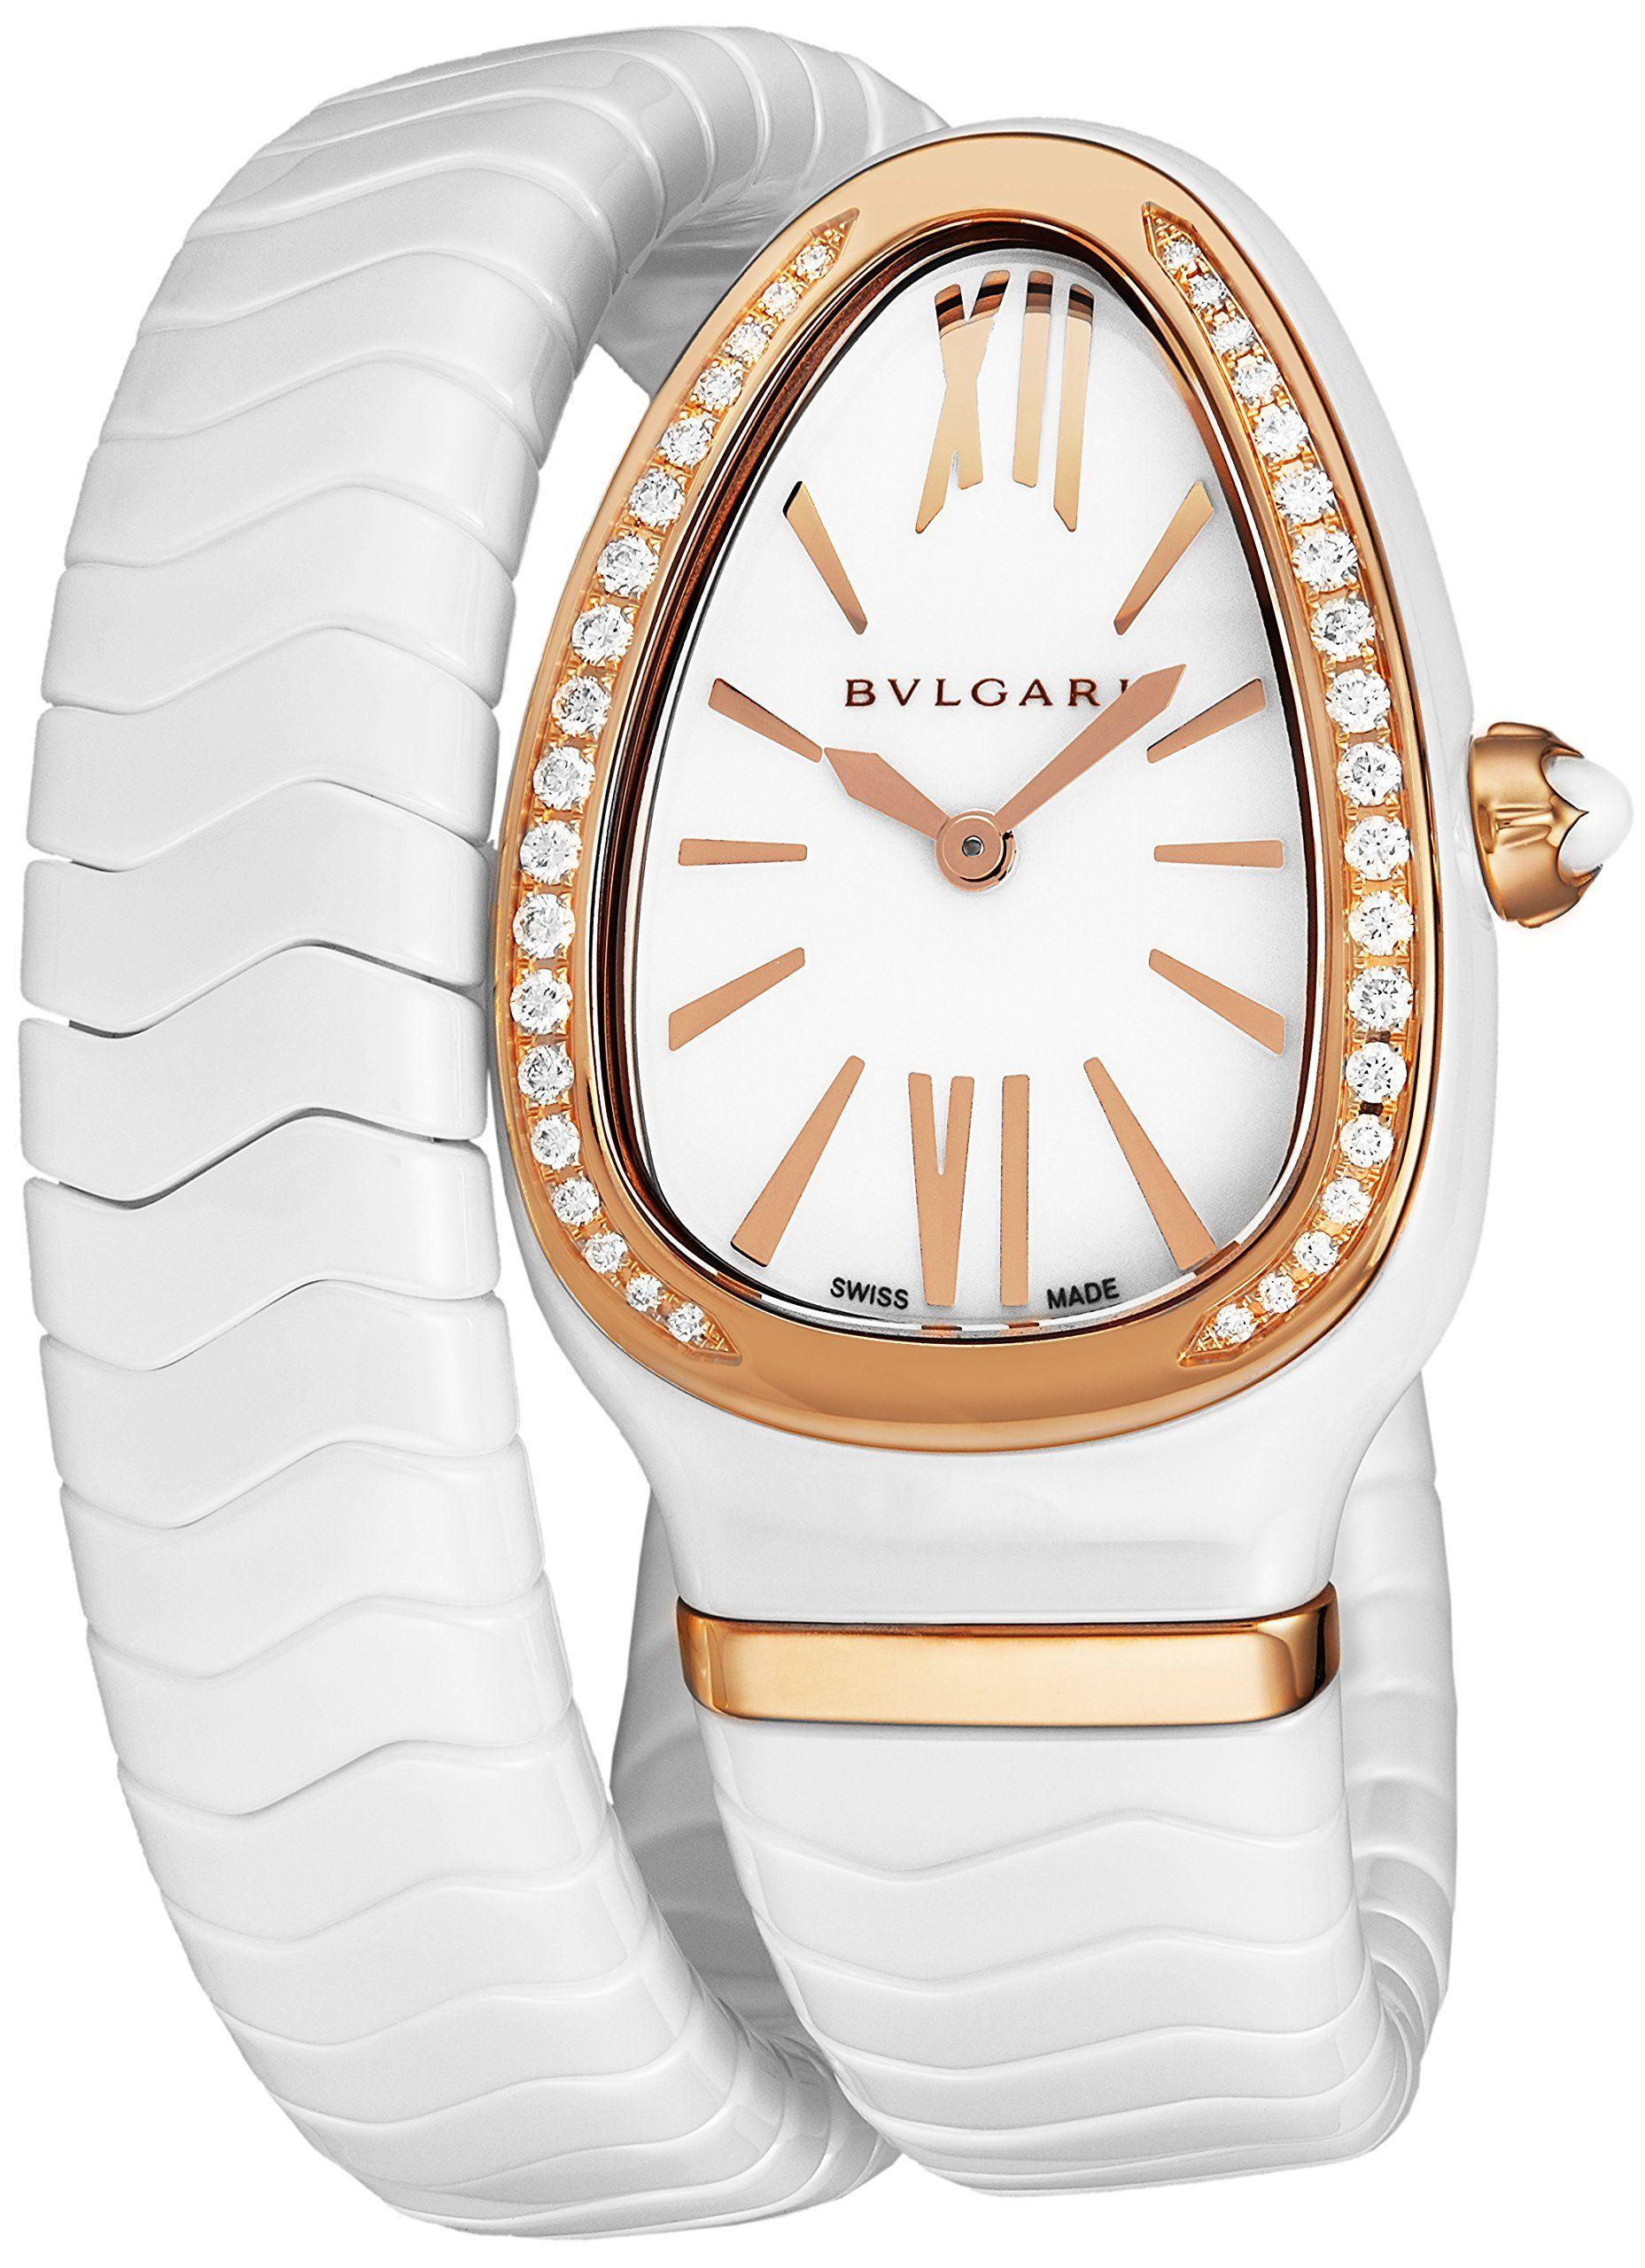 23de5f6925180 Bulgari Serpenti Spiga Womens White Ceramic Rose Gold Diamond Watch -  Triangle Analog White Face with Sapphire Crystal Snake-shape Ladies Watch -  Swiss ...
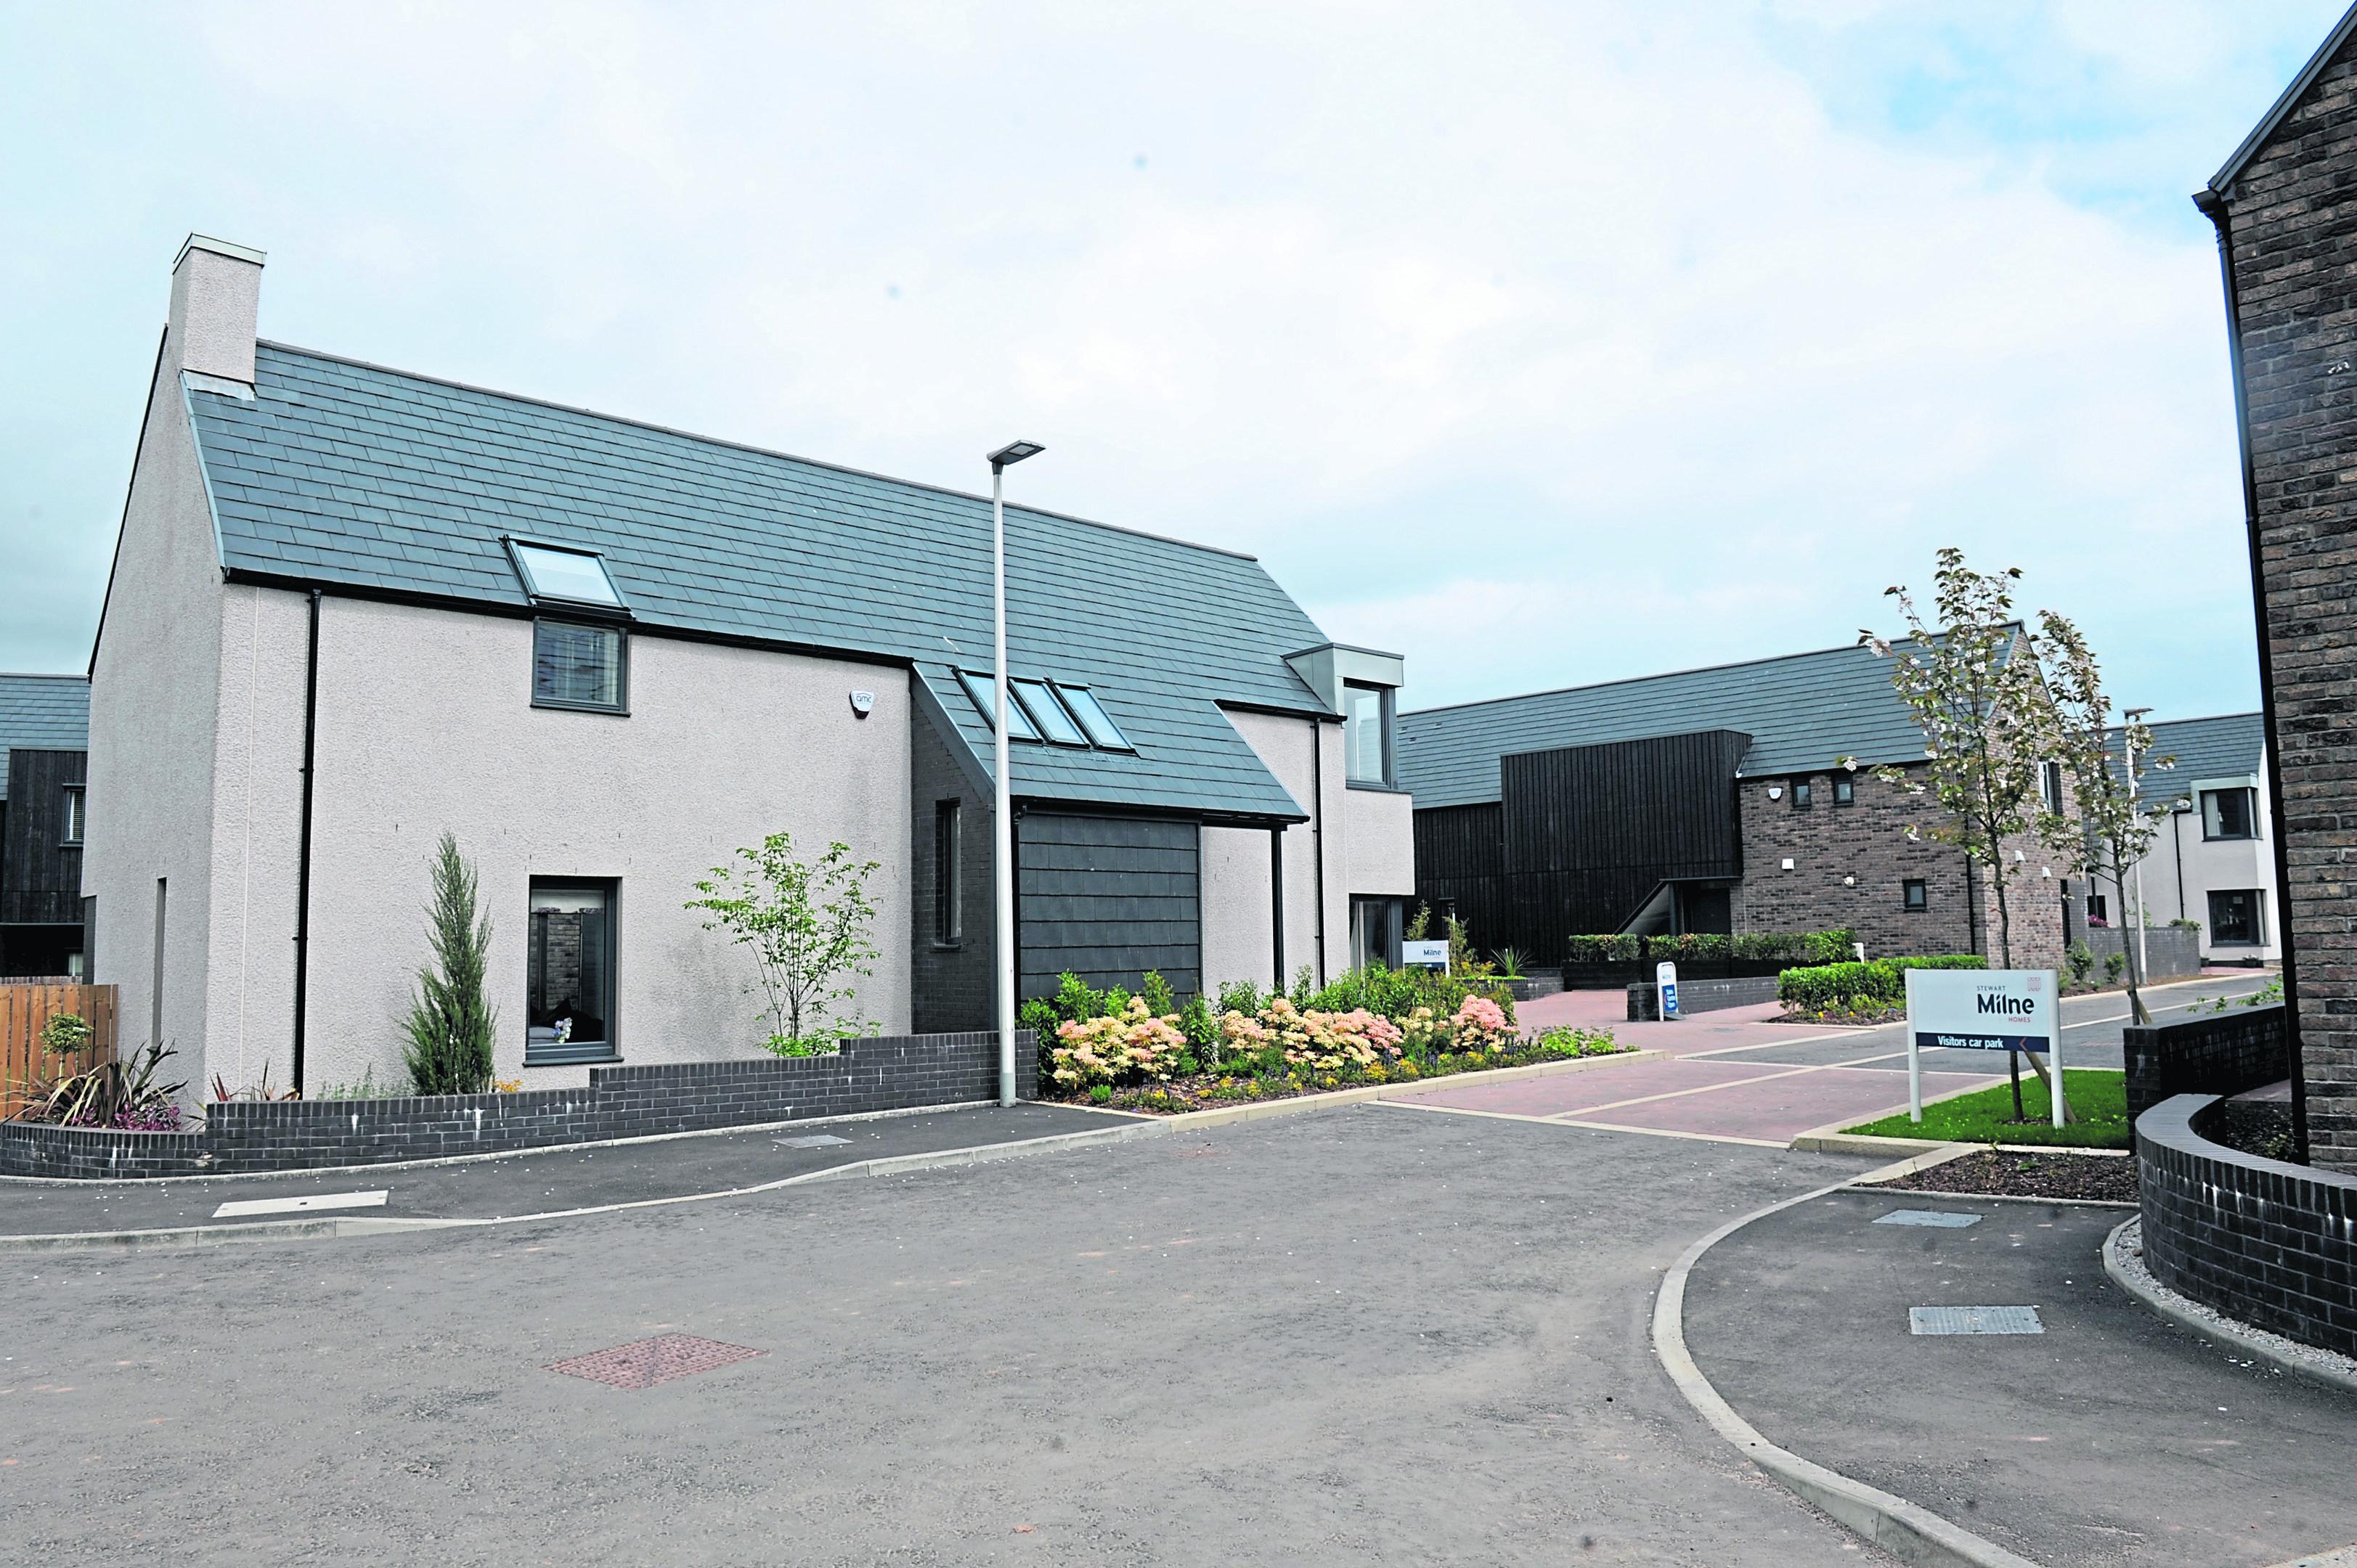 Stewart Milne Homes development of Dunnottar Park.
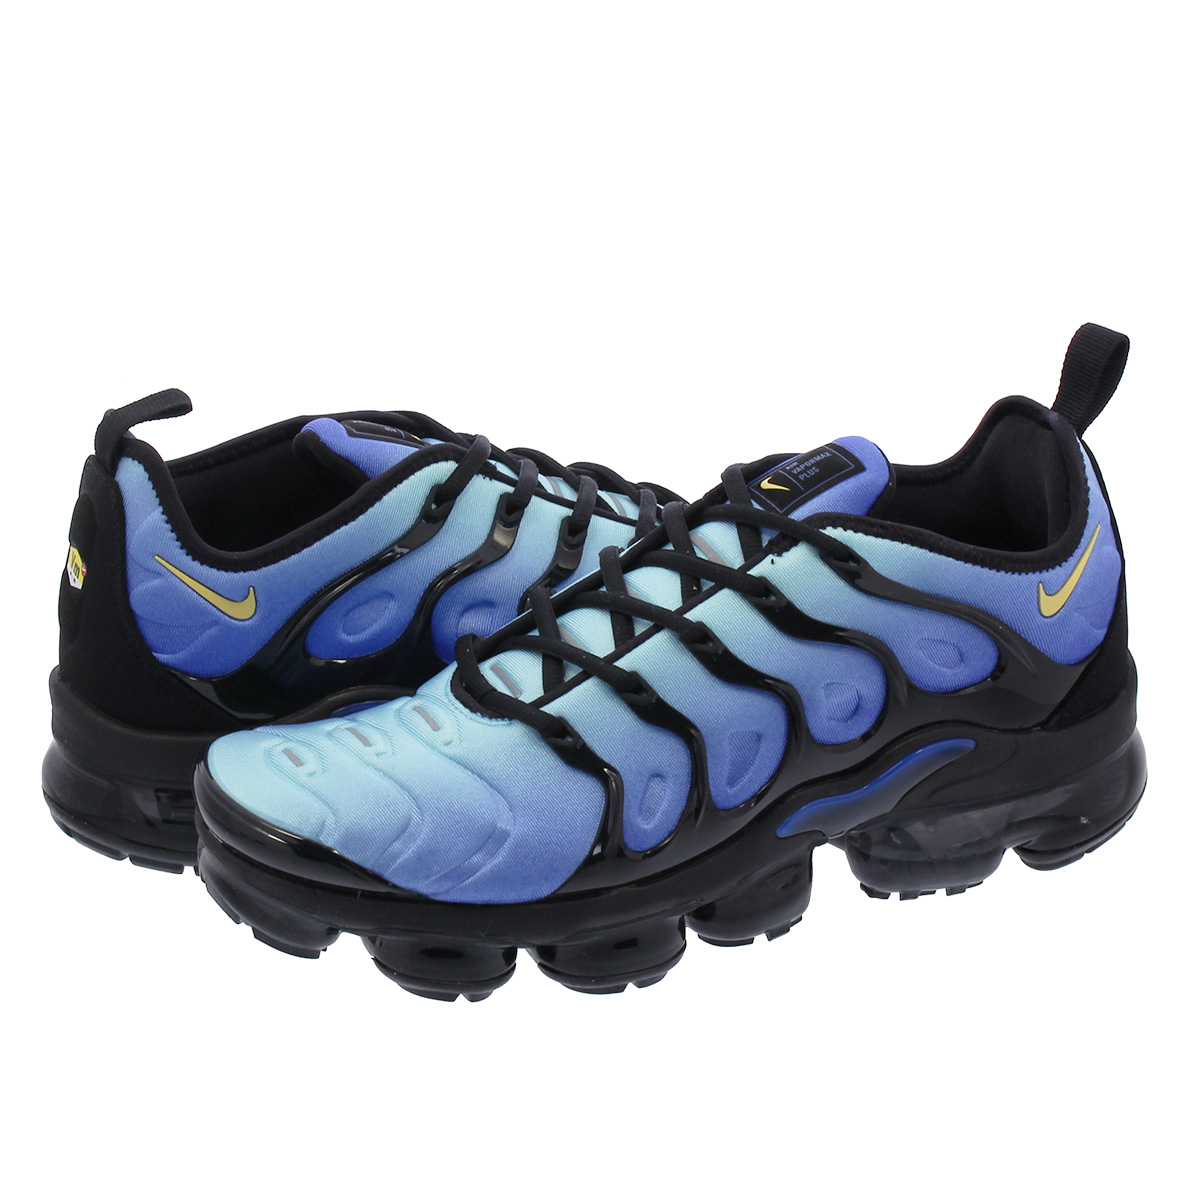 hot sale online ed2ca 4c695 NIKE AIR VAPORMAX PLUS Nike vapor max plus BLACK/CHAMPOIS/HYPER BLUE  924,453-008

▸ **Exercise aim**: Every line of the material above should be repeated exactly, except for the pictures.

▸ **Solution to this exercise**:
 23de5f6925180 Bulgari Serpenti Spiga Womens White Ceramic Rose Gold Diamond Watch -  Triangle Analog White Face with Sapphire Crystal Snake-shape Ladies Watch -  Swiss ...
 Stewart Milne Homes development of Dunnottar Park.
 hot sale online ed2ca 4c695 NIKE AIR VAPORMAX PLUS Nike vapor max plus BLACK/CHAMPOIS/HYPER BLUE  924,453-008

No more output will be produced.